MetricsΒΆ

Metrics are an important part of an experiment. It allows us to compare different experiments and make informed decisions. In PaDRe, metrics are a very important part of running experiments. The users can compute different metrics and basic metrics are provided PaDRe itself, such as confusion matrix, precision, recall, f1 measure and accuracy for classification and mean error, mean absolute error etc for regression.

Metrics can be computed at the output of any component. For example, the user might want to know the average distance between points in an embedding space and this should be computed after the preprocessing step. PaDRe supports computation of intermediate metrics from components. All the metrics are stored in a metrics registry as metric objects. Each metric object has a field that specifies what type of data it would consume. For example, for precision it would be a confusion matrix. A matrix graph is constructed by chaining the producer of metrics and the next consumer. PaDRe supports branching of metrics too.

During execution of each component, PaDRe checks whether there are any available metrics for that particular component and if there are available metrics, PaDRe prints out the available metrics to the user.

If the user wants to add a custom metric, all the user has to do is wrap the function for computing the metric in a metric object, specify what the metric object would consume and add the metric object to the metric registry. The user also has to create a reference to code for logging the version of the code.

And if the user wants only a specific metric that can also be accomplished in PaDRe. For example, if the user needs only the confusion matrix, the user specifies that only this metric is needed and PaDRe computes all the simple paths in the graph for that component that leads up to that metric and executes only those paths.

ACCURACY = "Accuracy"


# Defining the function how the metric is computed
def accuracy_computation(ctx, option='macro', **kwargs):
    (confusion_matrix_metric, computation) = unpack(ctx, "data", "computation")
    confusion_matrix = confusion_matrix_metric.result

    """
    This function calculates the accuracy
    :param confusion_matrix: The confusion matrix of the classification
    :param option: Micro averaged or macro averaged

    :return: accuracy
    """
    if confusion_matrix is None:
        return None

    metrics = dict()
    precision = np.zeros(shape=(len(confusion_matrix)))
    recall = np.zeros(shape=(len(confusion_matrix)))
    f1_measure = np.zeros(shape=(len(confusion_matrix)))
    tp = 0
    column_sum = np.sum(confusion_matrix, axis=0)
    row_sum = np.sum(confusion_matrix, axis=1)
    for idx in range(len(confusion_matrix)):
        tp = tp + confusion_matrix[idx][idx]
        # Removes the 0/0 error
        precision[idx] = np.divide(confusion_matrix[idx][idx], column_sum[idx] + int(column_sum[idx] == 0))
        recall[idx] = np.divide(confusion_matrix[idx][idx], row_sum[idx] + int(row_sum[idx] == 0))
        if recall[idx] == 0 or precision[idx] == 0:
            f1_measure[idx] = 0
        else:
            f1_measure[idx] = 2 / (1.0 / recall[idx] + 1.0 / precision[idx])

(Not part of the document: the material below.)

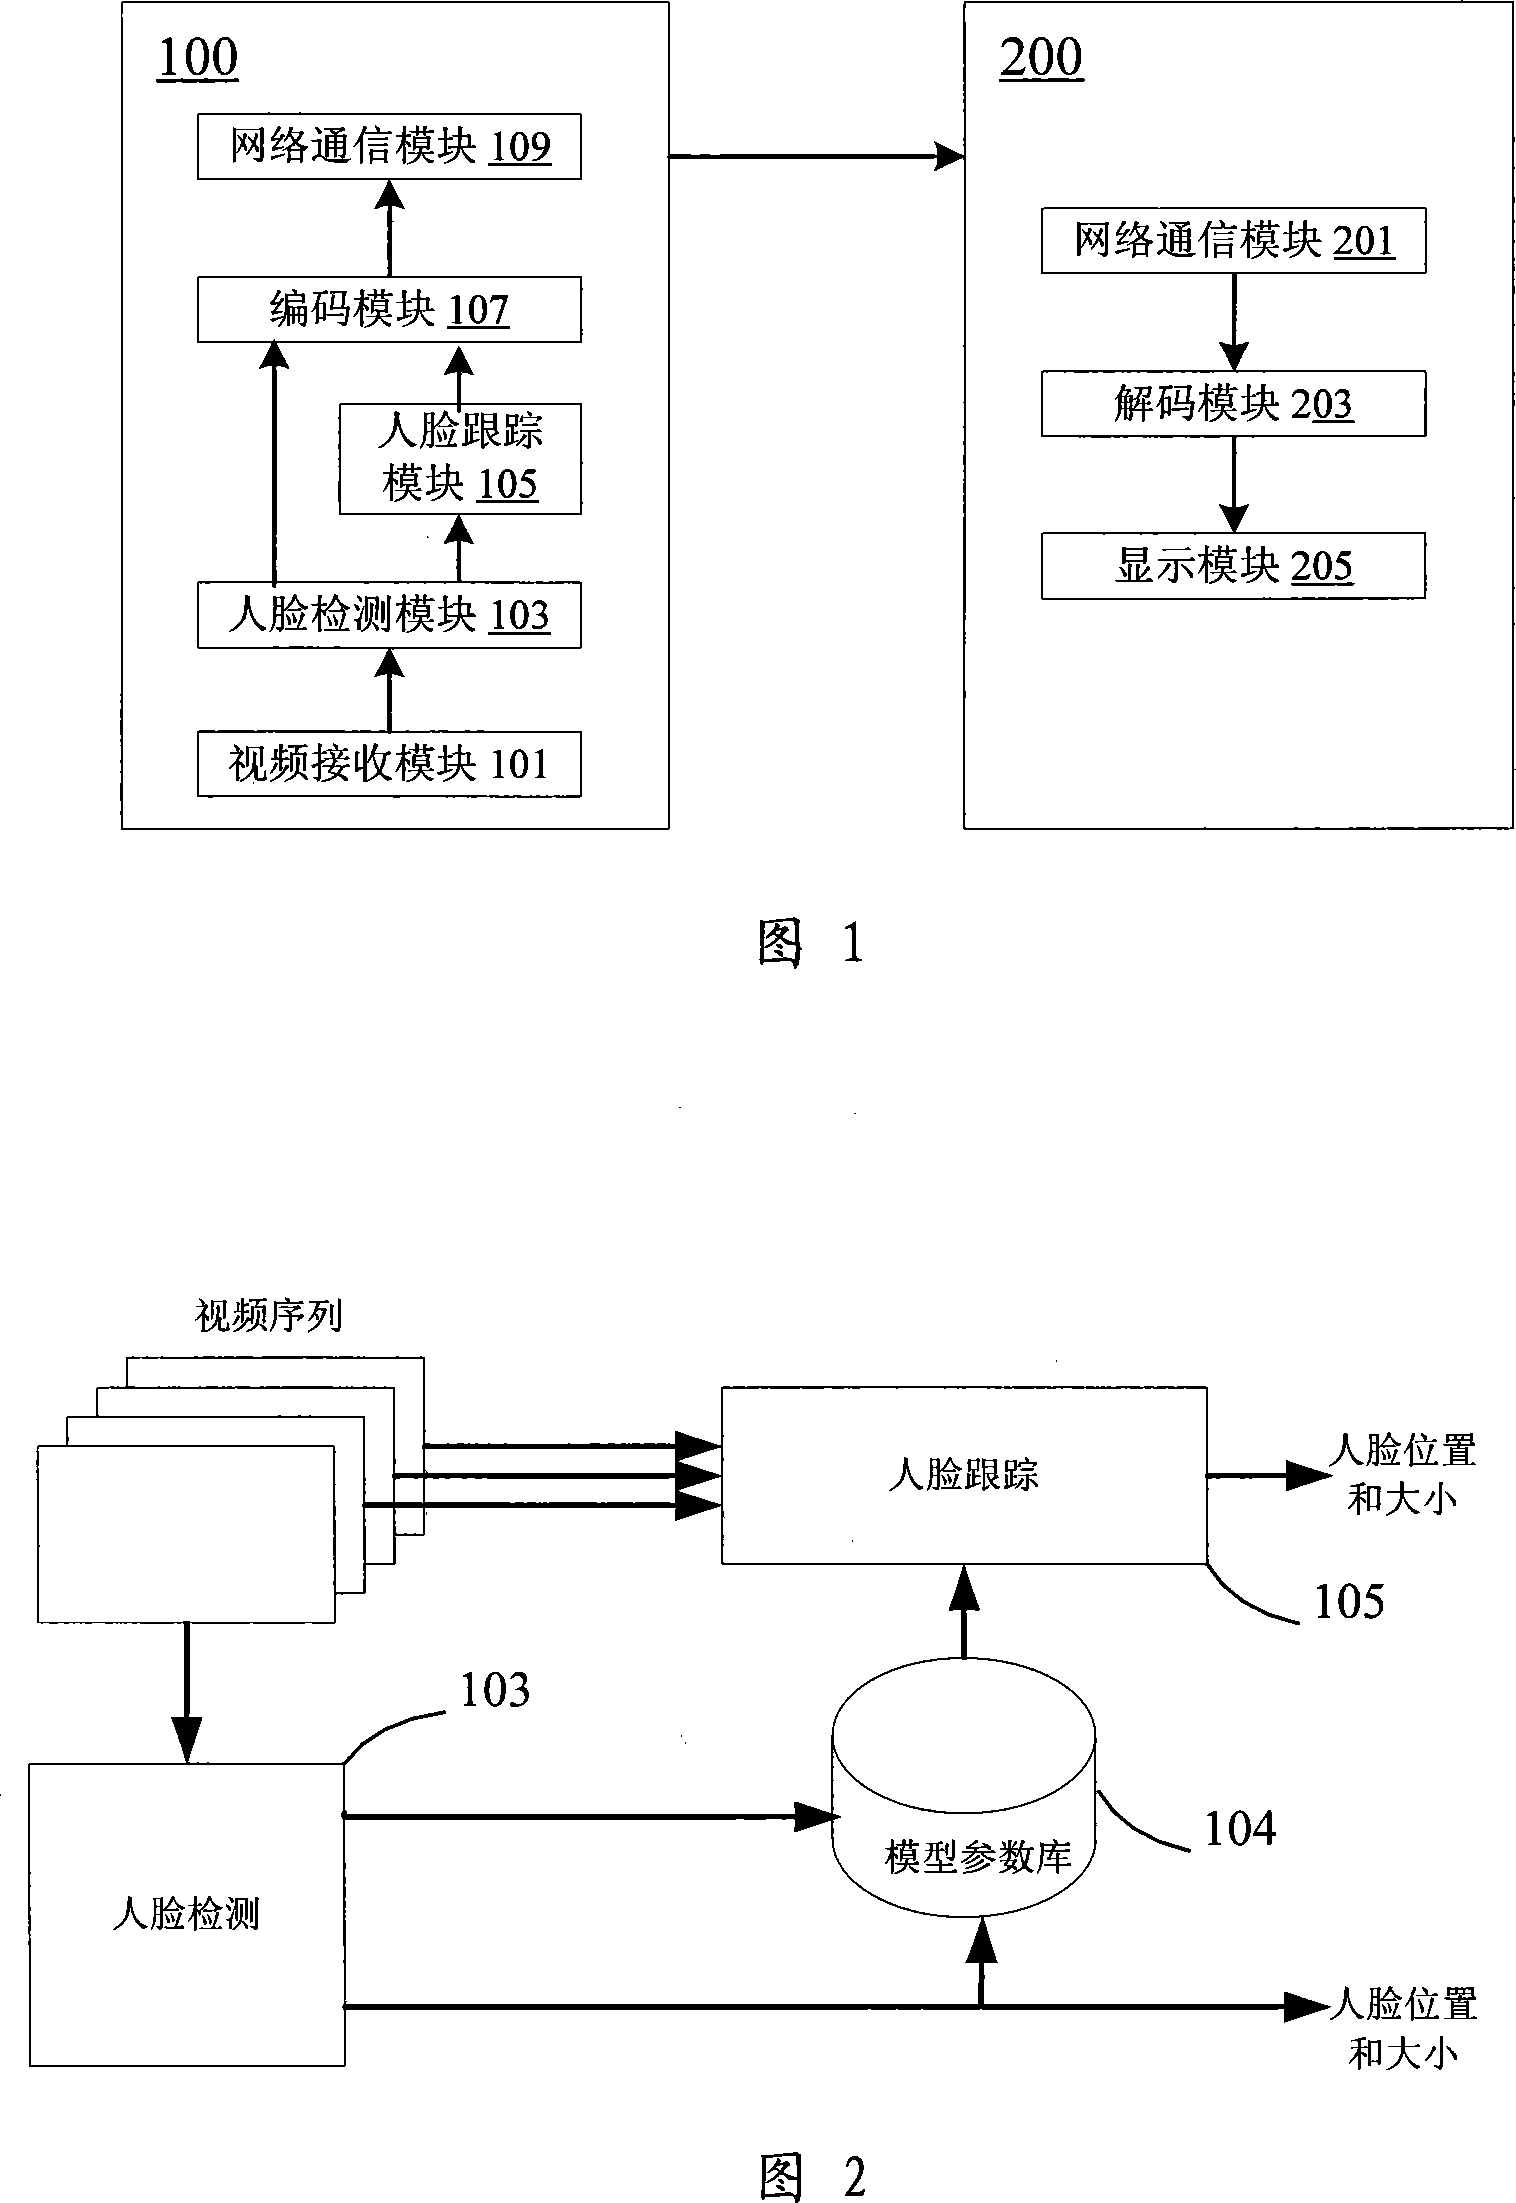 Video instant communication system and method

    accuracy = tp / np.sum(confusion_matrix)
    if option == 'macro':
        metrics[ACCURACY] = accuracy

    elif option == 'micro':
        metrics[ACCURACY] = accuracy

    else:
        metrics[ACCURACY] = accuracy

    return Metric(name=ACCURACY, computation=computation, result=deepcopy(metrics))


# Defining the class that contains the metric, its name and what it consumes
class Accuracy(MetricProviderMixin):

    NAME = "Accuracy"

    def __init__(self, *args, **kwargs):
        super().__init__(code=PythonPackage(package=__name__, variable="accuracy_computation",
                                            repository_identifier=PipIdentifier(pip_package=_name.__name__,
                                                                                version=_version.__version__)),
                                                                                **kwargs)

    @property
    def consumes(self) -> str:
        return str(ConfusionMatrix)

    def __str__(self):
        return self.NAME


# Defining the reference to the metric
accuracy_ref = PythonPackage(package=__name__, variable="accuracy",
                             repository_identifier=PipIdentifier(pip_package=_name.__name__,
                                                                 version=_version.__version__))

# Creating the metric object
accuracy = Accuracy(reference=accuracy_ref)

# Adding it to the metric registry
metric_registry.add_providers(accuracy)

In addition to all this, there is a flag that is known as allow_metrics. This flag allows the user to turn off the metric computation if there is ever such a scenario. The allow_metric flag is set as true by default but can be turned off on a component level basis.